John knows that at best he can be described as a male escort and at worst as a whore, but it’s what he does and he’s good at it. He sells his body and his clients come with fangs so it’s more about blood than sex. Hiding behind a false smile and his acting skills is the only way he survives, but when he meets one of his latest clients, Michael, his professional detachment is severely threatened, leading him into very dangerous territory.

Book Links

Forgotten Soul (Soul Reader #1) FREE: 
Forgotten Soul (Soul Reader #1) 99c: 
Forgotten Soul (Soul Reader #1) FREE: 

The except I have chosen is from the second book, Forbidden Soul, and I have chosen it because I think it shows the evolution of John's character and the very deep connection between him and Michael. In this section Michael has managed to convince John to contact and visit the family he hasn't seen in nearly six years, this is their first meeting since John disappeared.
Forbidden Soul - Soul Reader #2 - Excerpt

John was doing his best to keep his emotions under control and wipe the current tear stains off his face with a tissue Michael had handed him.

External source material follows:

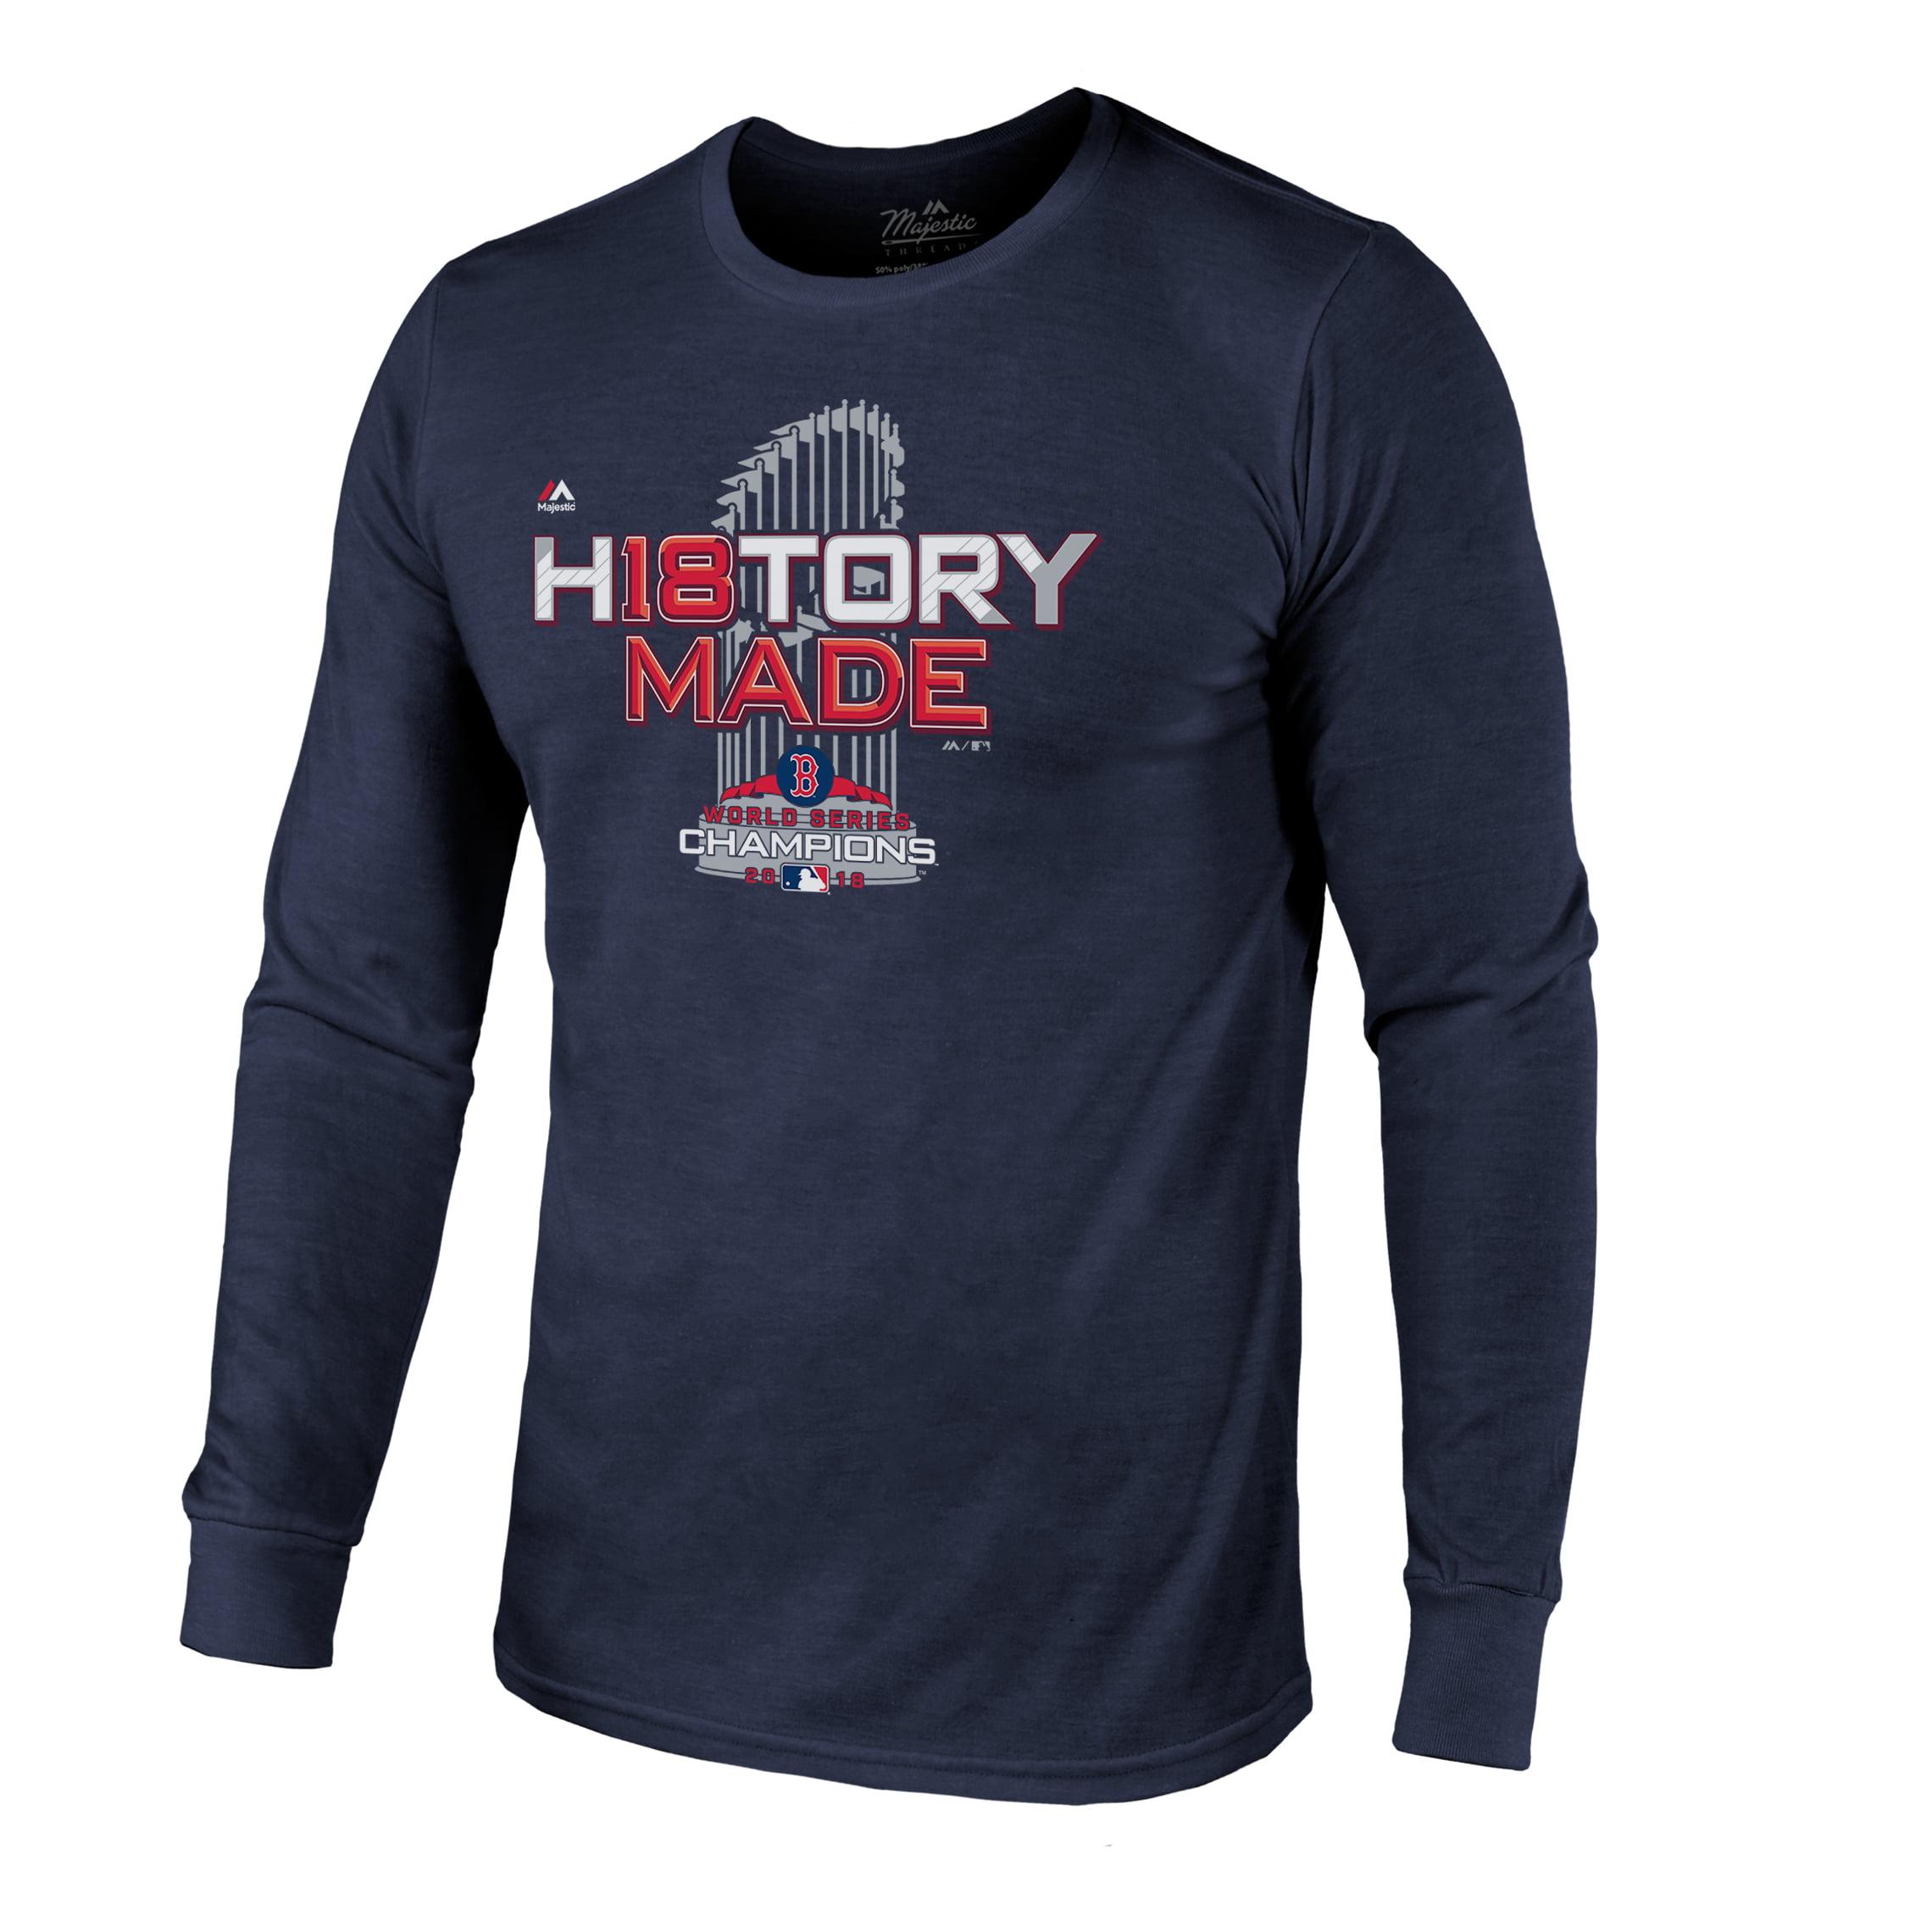 Boston Red Sox Majestic Threads 2018 World Series Champions Locker Room Tri-Blend Long Sleeve T-Shirt - Navy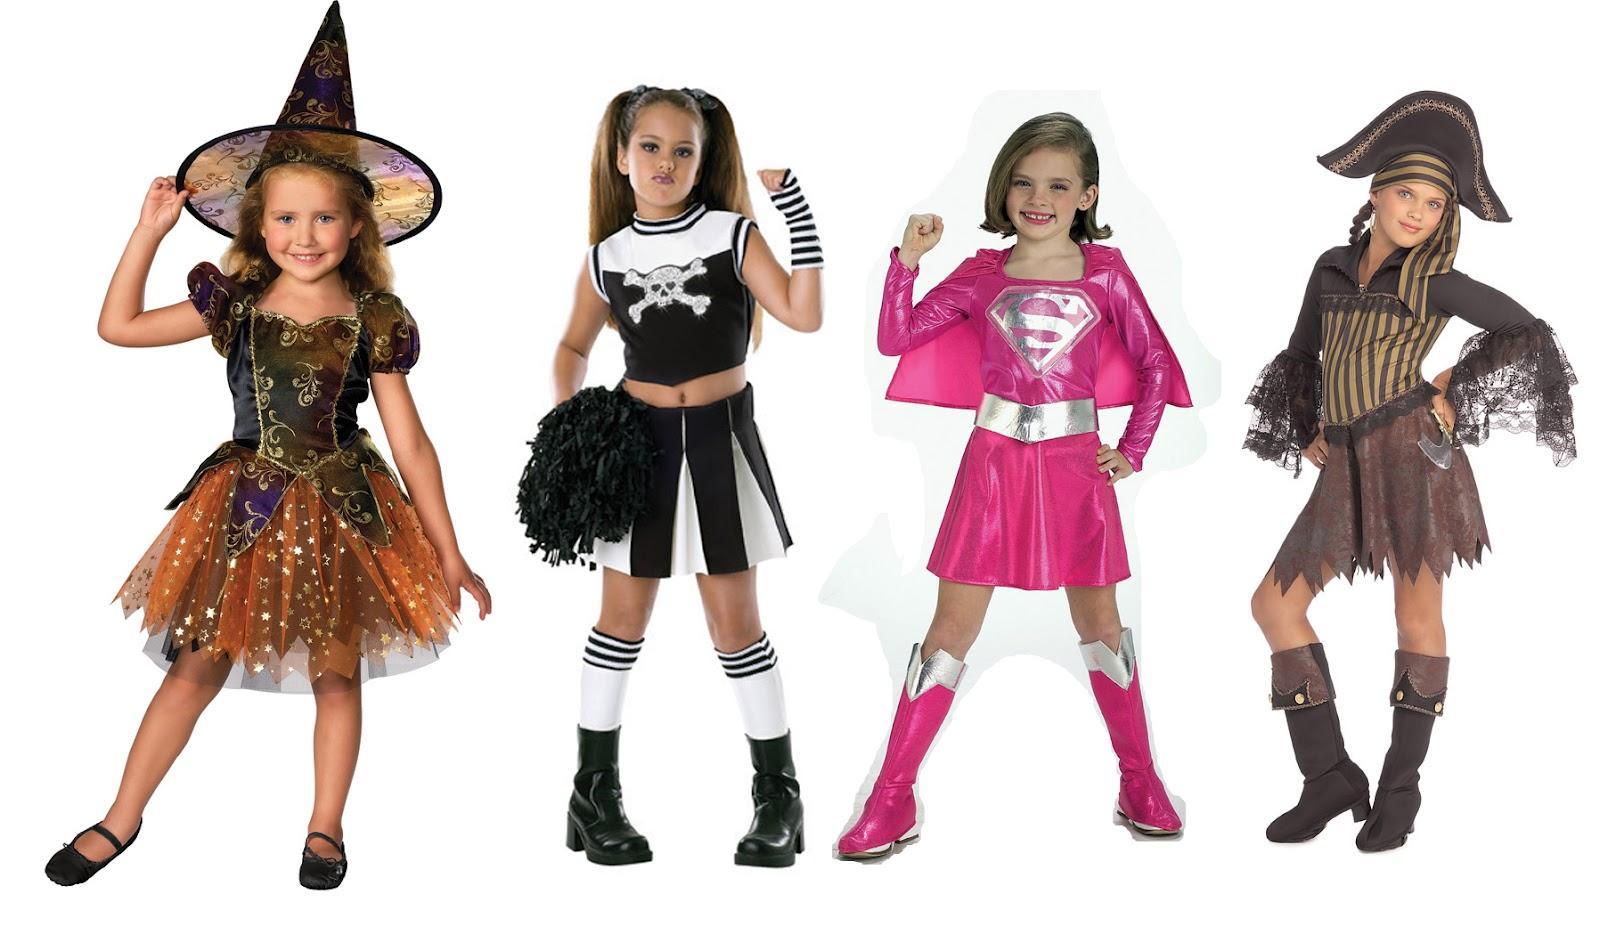 Halloween Gallery Photo: Halloween Costumes For Kids

His mum, his sister, his grandfather and his aunt and uncle were all gathered in the small sitting room. Everyone lived in the area, being a tight knit family, so it wasn't really a surprise they were all there, but it was a bit daunting.

"So," his granddad said before an awkward silence could settle on the room, "you're looking well, how are you keeping?"

It was almost as awkward as the silence, but it was better than nothing.

"Good," he replied, doing his best to smile, "just lately really good."

He didn't have to be all that observant to see everyone's eyes flick to Michael and then back to him. His family were not in the least bit stupid.

"Good guess," he said without trying to hide the fact he had noticed.

That earned him a smile from his sister and some embarrassed shuffling from the other members of the family. It probably wasn't really a great idea to introduce them to the idea that he was bisexual, what with everything else, but he was done with hiding.

"Michael isn't it?" his mum asked, looking at his lover.

Michael nodded.

"What is it you do?"

"I'm a writer," Michael replied, smiling that disarming smile of his. "I'm in the early stages of putting on a play in London. Been living in Dublin for the last few years before that."

"Is that how you met, because of the play?" Of course his sister had to ask the pertinent question so early on.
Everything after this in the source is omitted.